Sheriff's plan would slash AP's policing costs
Marc Valero | Highlands TodayAVON PARK - Based on big cost savings, City Manager Julian Deleon said "serious consideration" will be given to Highlands County Sheriff Susan Benton's proposal to provide law enforcement services for the city.
Published: June 28, 2012
Published: June 28, 2012
On June 11, the Avon Park City Council voted 3-2 to ask the sheriff's office to make a proposal to provide the city with law enforcement.
Councilman Paul Miller and Council President Sharon Schuler cast the dissenting votes.
In a June 26 letter to the council, Benton proposed a total annual cost of $983,280 for law enforcement services for the city.
The city's proposed budget for 2013 includes about $2 million to operate the Avon Park Police Department, which includes one new police vehicle and some minor facility improvements, Deleon noted in a press release responding to Benton's proposal.
These steep differences in costs for services are primarily attributed to differing operating models between the sheriff's office and the Avon Park police operations, he said. The sheriff's office has an existing administrative infrastructure of operations and supervision to absorb these additional responsibilities.
Deleon has scheduled meetings to visit the municipalities of Frostproof, Eagle Lake, Dundee and Fort Meade to receive feedback from other local administrators and elected officials regarding their experience in contracting of services with the Polk County Sheriff's Office.
"Where possible, I have invited individual council members to attend these meetings for informational purposes," Deleon said. "We want to hear the good and the bad."
Benton proposes a reorganization of the sheriff's office and the creation of a north and south division with the north division based at Avon Park's current police department building.
"We would provide command presence by assigning a north division captain who would also act as liaison with the city manager," Benton noted.
Benton proposes 16 new law enforcement positions including: 10 patrol deputies, two school resource deputies, three detectives and one crime scene detective.
Avon Park currently employs 22 sworn officers.
Benton noted that members of the Avon Park Police Department will be given first opportunity to become a member of the sheriff's office.
Deleon said although there are some steep savings between the two proposals, the city will continue with legacy pension obligations. These obligations will be presented at a planned special council meeting at 5 p.m., July 11.
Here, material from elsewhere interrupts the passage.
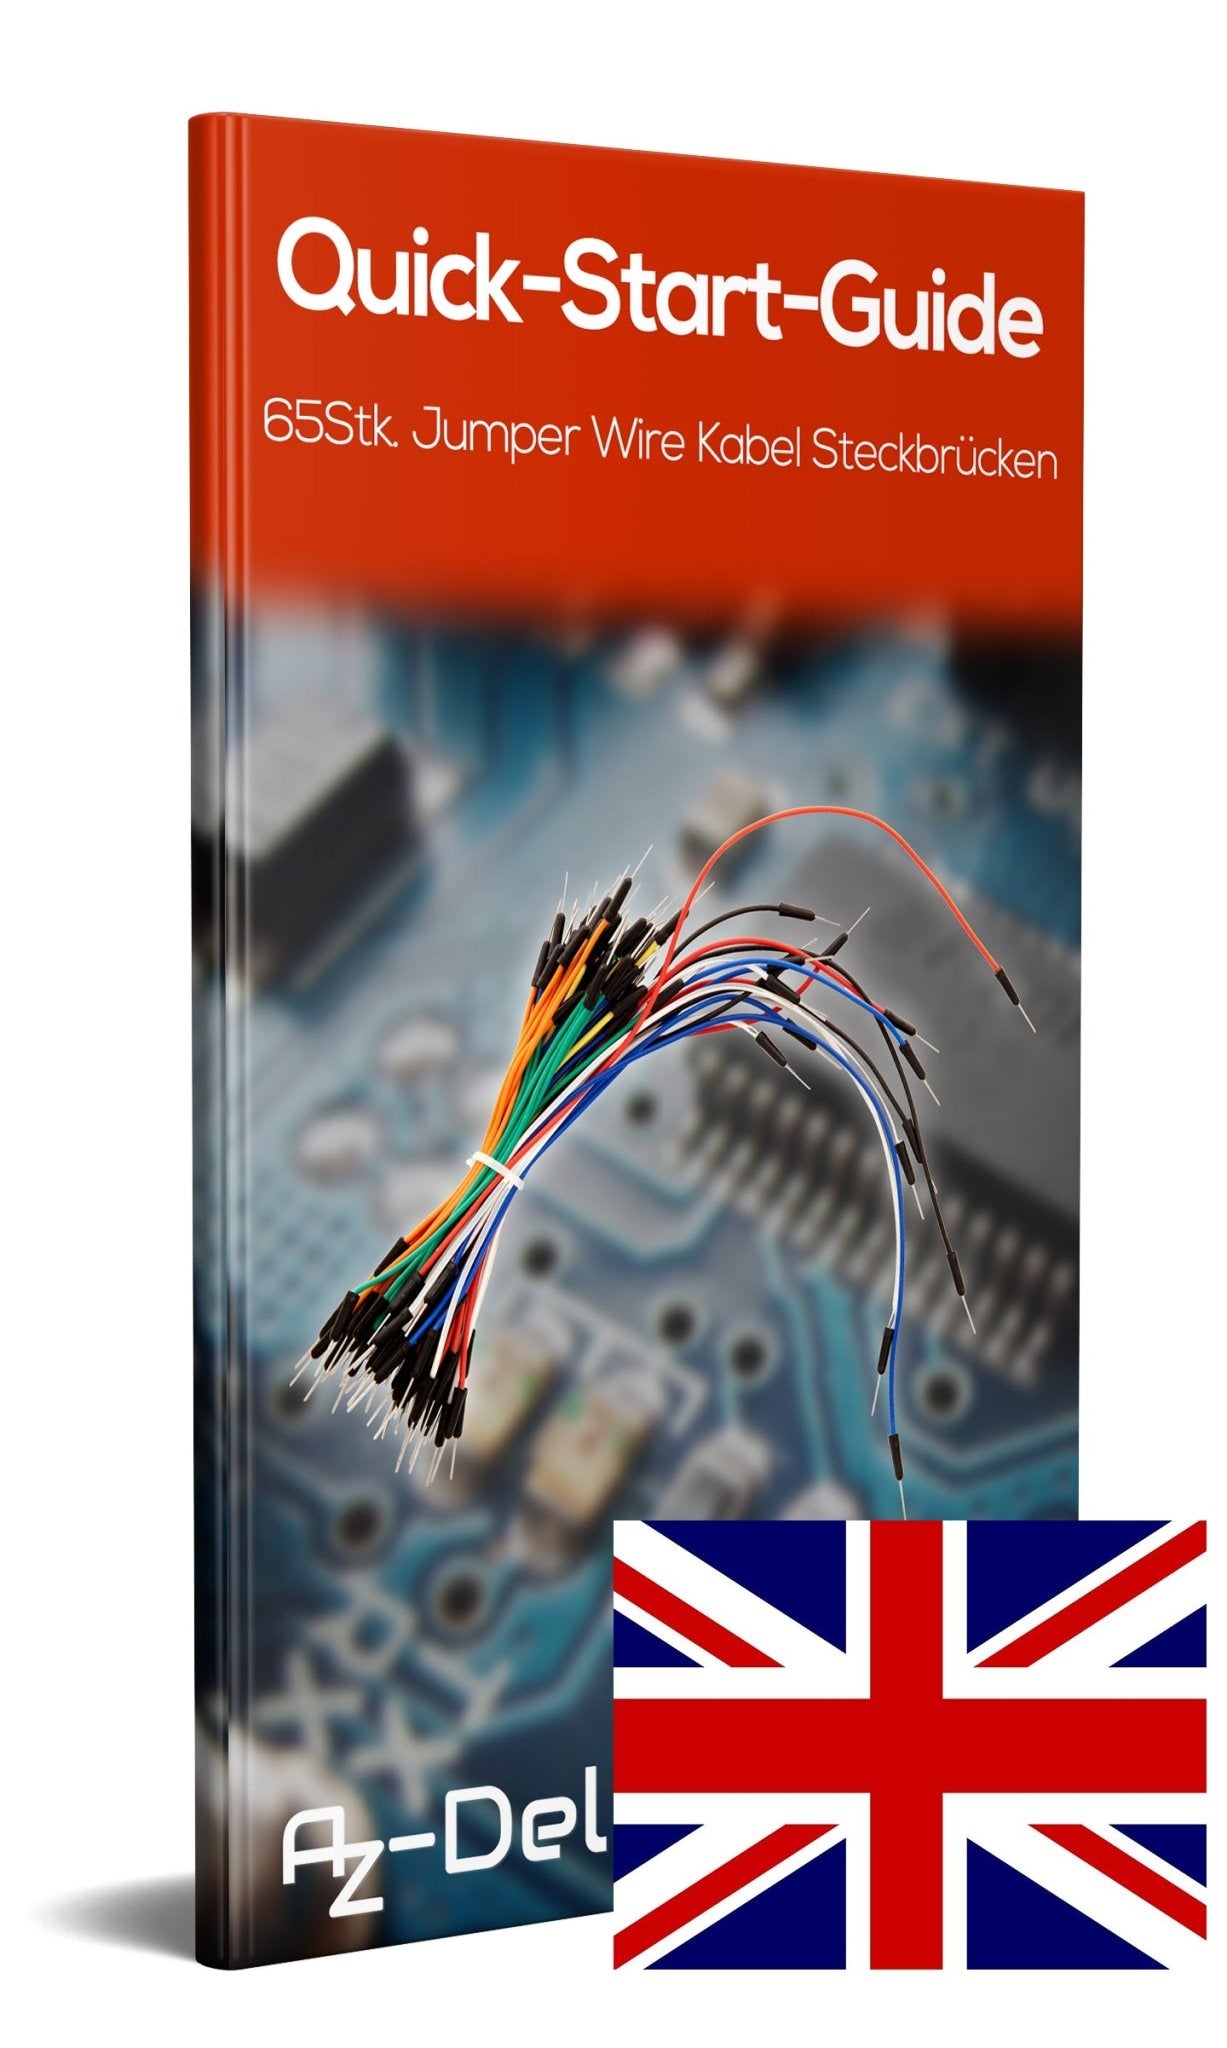 65Stk. Jumper Wire Kabel Steckbrücken für Breadboard, Steckbrett

"I have invited the city's pension board of trustees to this planned council meeting for a presentation from the Florida League of Cities to provide a proposal for the administration of the city's pension systems," he said. "The proposal from the League could provide a 'turnkey' solution and immediate savings when compared to our current administrative fees paid to manage the plans."
Benton said, she feels strongly that this proposal is a win-win for all residents, both the city and the county, but particularly for Avon Park's police officers.
Your officers will have much more opportunity for diverse training and experience and the ability to compete for promotion and request transfers to other division or units within the sheriff's office, she said.
Miller said he is waiting to get all the facts until he makes a decision.
"Right now it's all hearsay and a lot of static going around town and a lot of truths and untruths," he said. "I am just going to wait and get it all together and then I will make up my mind."
Councilwoman Brenda Gray said she was going to meet Thursday afternoon with Benton.
"I haven't seen the proposal; I have only heard about it," she said.
Councilman Parke Sutherland also said he had not yet reviewed the proposal, but he plans to meet with Benton to discuss it.